# [GWT + RPC + App engine] Grundaufbau eines Projektes



## lordcarlos (15. Nov 2011)

Hallo liebe javagemeinde.

Ich mache gerade mein erstes eigenes Projekt mit GWT and App Engine.
Wo sollen die datenmodel klassen am besten hin? Client, shared oder Server side?

Ich will ein einfaches Auktionshaus schreiben welches man im nachhinein moeglich leicht einer bestimmten Situation anpassen kann. ein paar beispiel klassen:
[java=12]@PersistenceCapable(identityType = IdentityType.APPLICATION)
public class UserProfile implements IsSerializable {
	@PrimaryKey
	@Persistent(valueStrategy = IdGeneratorStrategy.IDENTITY)
	@Extension(vendorName="datanucleus", key="gae.encoded-pk", value="true")
	private String id;
	@Persistent
	private String firstName;
	@Persistent
	private String lastName;
//Und noch mehr einfache typen
//getter setter etc.
}
[/code]
oder auch
[java=13]@PersistenceCapable(identityType = IdentityType.APPLICATION)
public class Auction implements IsSerializable {

	@PrimaryKey
	@Persistent(valueStrategy = IdGeneratorStrategy.IDENTITY)
	private Long id;
	@Persistent
	private String titel;
	//snip
	@Persistent
	private AuctionStatus auctionStatus;
	@Persistent
	private Contract contract;
	@Persistent
	private Bid bestBid;
	@Persistent
	private UserProfile owner;
//getters setters etc.
}[/code]

Momentarn ist das so das diese datanmodel klassen im client teil liegen wo auch ein $klassenname Service.java liegt was so aussieht:
[java=11]@RemoteServiceRelativePath("auction")
public interface AuctionService extends RemoteService {
	public void addAuction(String title, Date endDateAndTime,
			Date startDateAndTime, UserProfile owner, Contract contract);

	public void removeAuction(long id);
	public Auction[] getAllAuctions();
	public Auction getAuctionById(long id);
}[/code]
Dazu erstellt mit eclipse auch noch eine passende *$fooServiceAsync* klasse.
Im server teil habe ich dann eine *$fooServiceImpl.java* die, die objecte in eine datanbank (app engine) speichert.
Das funktioniert alles wunderbar.

Doch habe ich wohl nicht weit genug gedacht, denn die berechnungen (z.B. Gebot A ist hoeher als B) sollte ja sicherheitshalber auf der server seite sein.

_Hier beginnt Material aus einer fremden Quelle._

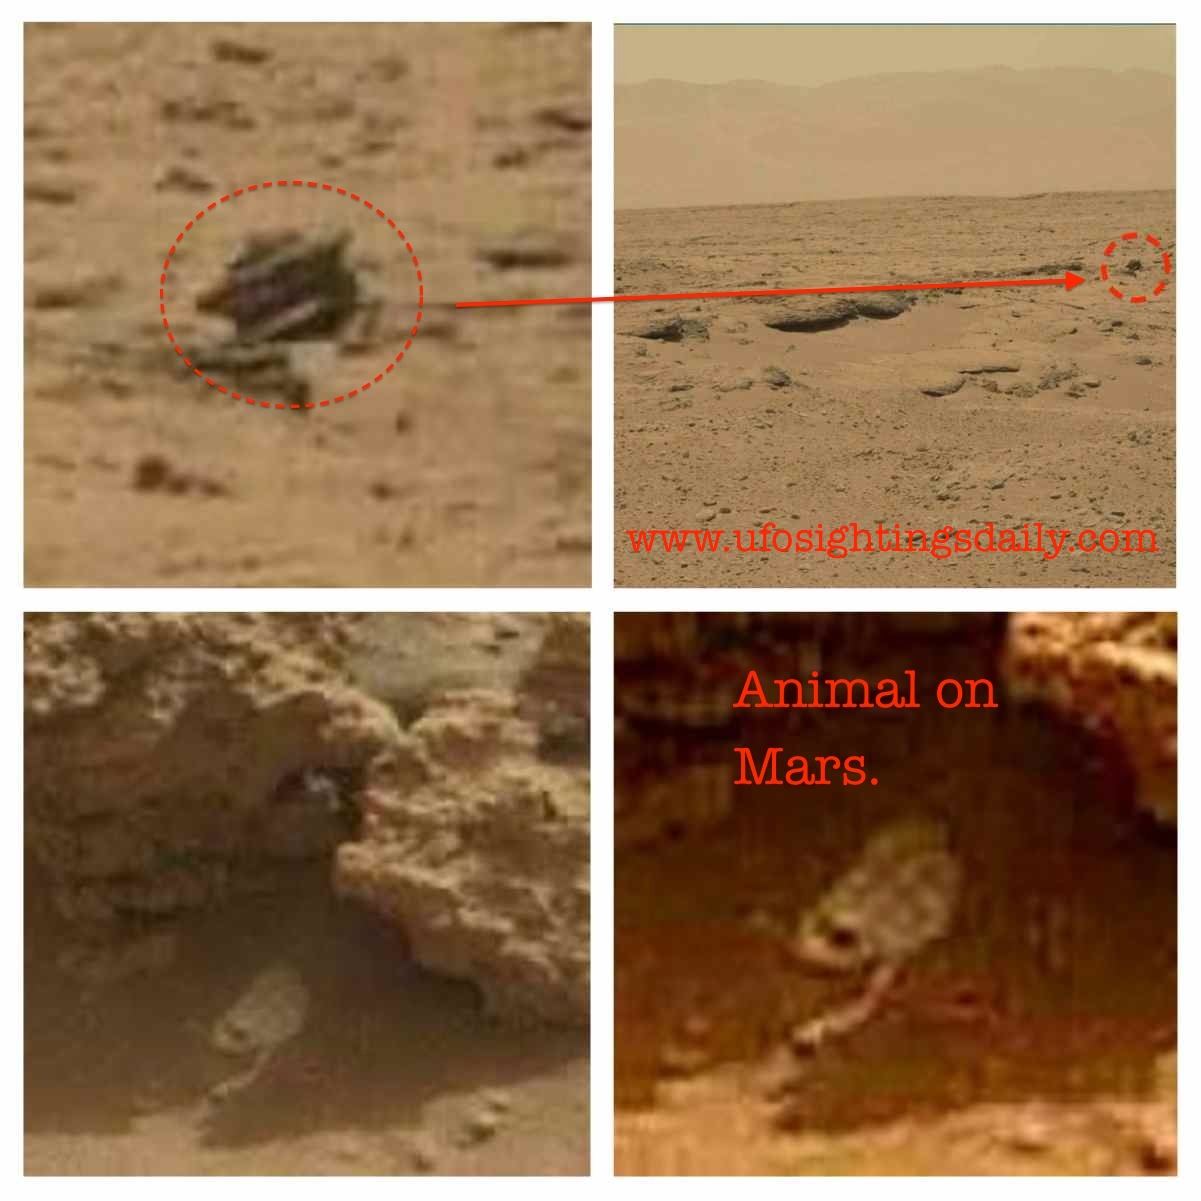 aliens from mars - photo #41
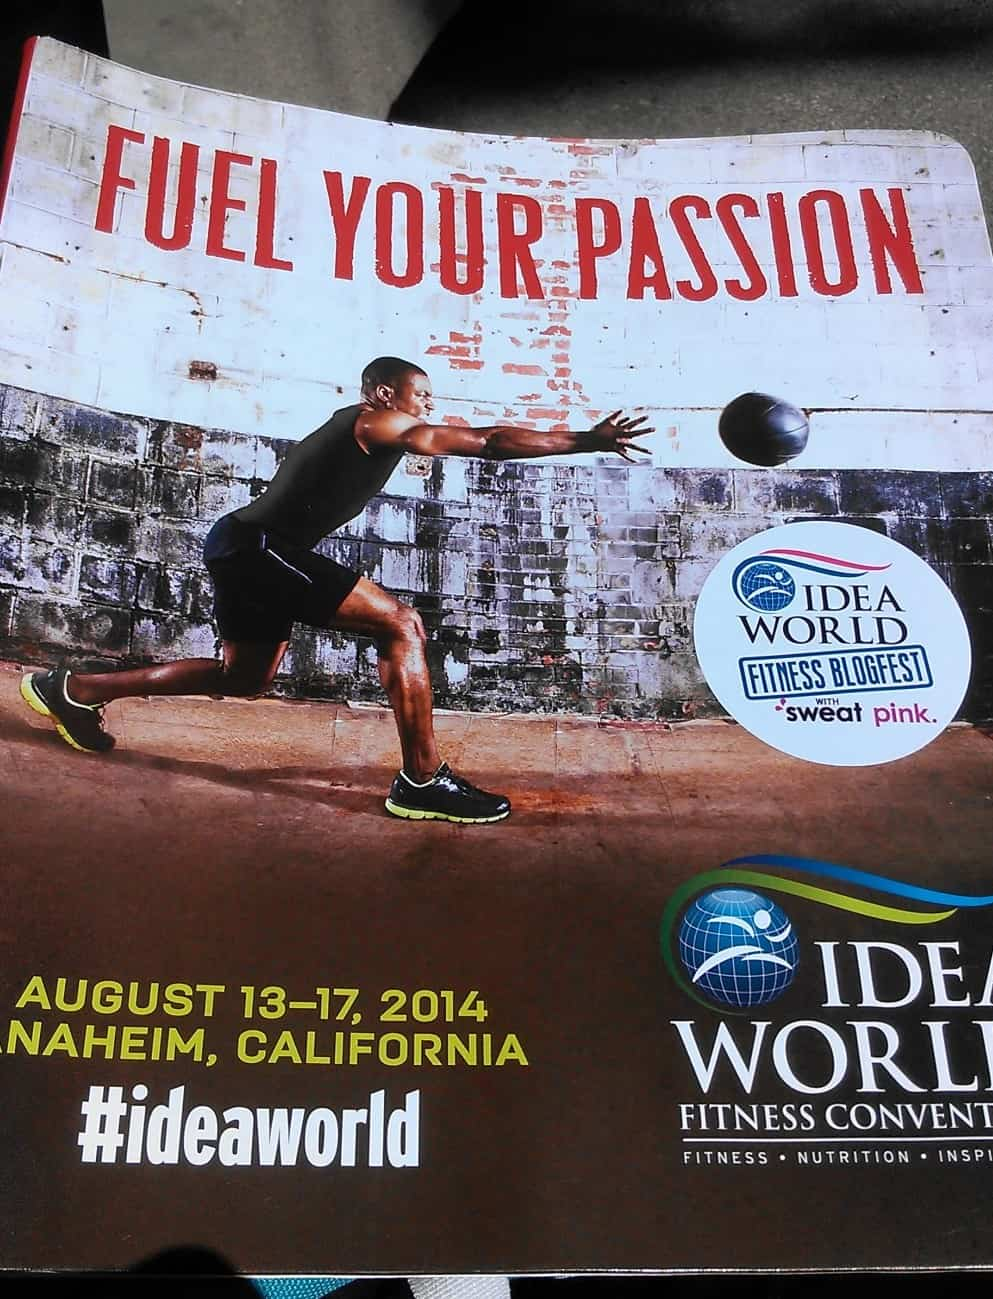 IDEA World Convention Program

Deswegen werde ich wohl da die datamodel klassen brauchen.

Sollte meine *$fooService.java* klassen so sein das sie nur einfache typen uebertragen und nicht die objecte? getAuctionTitle, get auctionstartDateTime .. etc. waeren viele getters und setter, dazu muesste ich die auf der clientseite wieder zusammen frikkeln. Hoert sich umstanendlich an.

Ein paar Tips und Tricks wie ich so ein Projekt aufbaue waeren hilfreich. Es muss nicht vorgekaut sein, aber mir den Weg zeigen.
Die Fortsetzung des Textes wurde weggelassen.